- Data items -
========================
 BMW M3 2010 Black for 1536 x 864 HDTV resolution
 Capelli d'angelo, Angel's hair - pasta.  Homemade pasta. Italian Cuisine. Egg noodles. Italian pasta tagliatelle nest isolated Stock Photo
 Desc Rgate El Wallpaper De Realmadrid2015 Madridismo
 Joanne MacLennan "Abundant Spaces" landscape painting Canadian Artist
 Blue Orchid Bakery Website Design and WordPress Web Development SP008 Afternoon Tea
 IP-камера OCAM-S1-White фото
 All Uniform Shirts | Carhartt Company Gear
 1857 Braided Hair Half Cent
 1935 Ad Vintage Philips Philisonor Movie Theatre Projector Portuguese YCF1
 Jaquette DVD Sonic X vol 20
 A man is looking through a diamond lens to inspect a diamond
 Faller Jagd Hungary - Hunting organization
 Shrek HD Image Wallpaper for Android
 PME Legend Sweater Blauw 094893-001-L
========================
- What needs to be done -
Output all of the records above unchanged.

- Result of the exercise -
 BMW M3 2010 Black for 1536 x 864 HDTV resolution
 Capelli d'angelo, Angel's hair - pasta.  Homemade pasta. Italian Cuisine. Egg noodles. Italian pasta tagliatelle nest isolated Stock Photo
 Desc Rgate El Wallpaper De Realmadrid2015 Madridismo
 Joanne MacLennan "Abundant Spaces" landscape painting Canadian Artist
 Blue Orchid Bakery Website Design and WordPress Web Development SP008 Afternoon Tea
 IP-камера OCAM-S1-White фото
 All Uniform Shirts | Carhartt Company Gear
 1857 Braided Hair Half Cent
 1935 Ad Vintage Philips Philisonor Movie Theatre Projector Portuguese YCF1
 Jaquette DVD Sonic X vol 20
 A man is looking through a diamond lens to inspect a diamond
 Faller Jagd Hungary - Hunting organization
 Shrek HD Image Wallpaper for Android
 PME Legend Sweater Blauw 094893-001-L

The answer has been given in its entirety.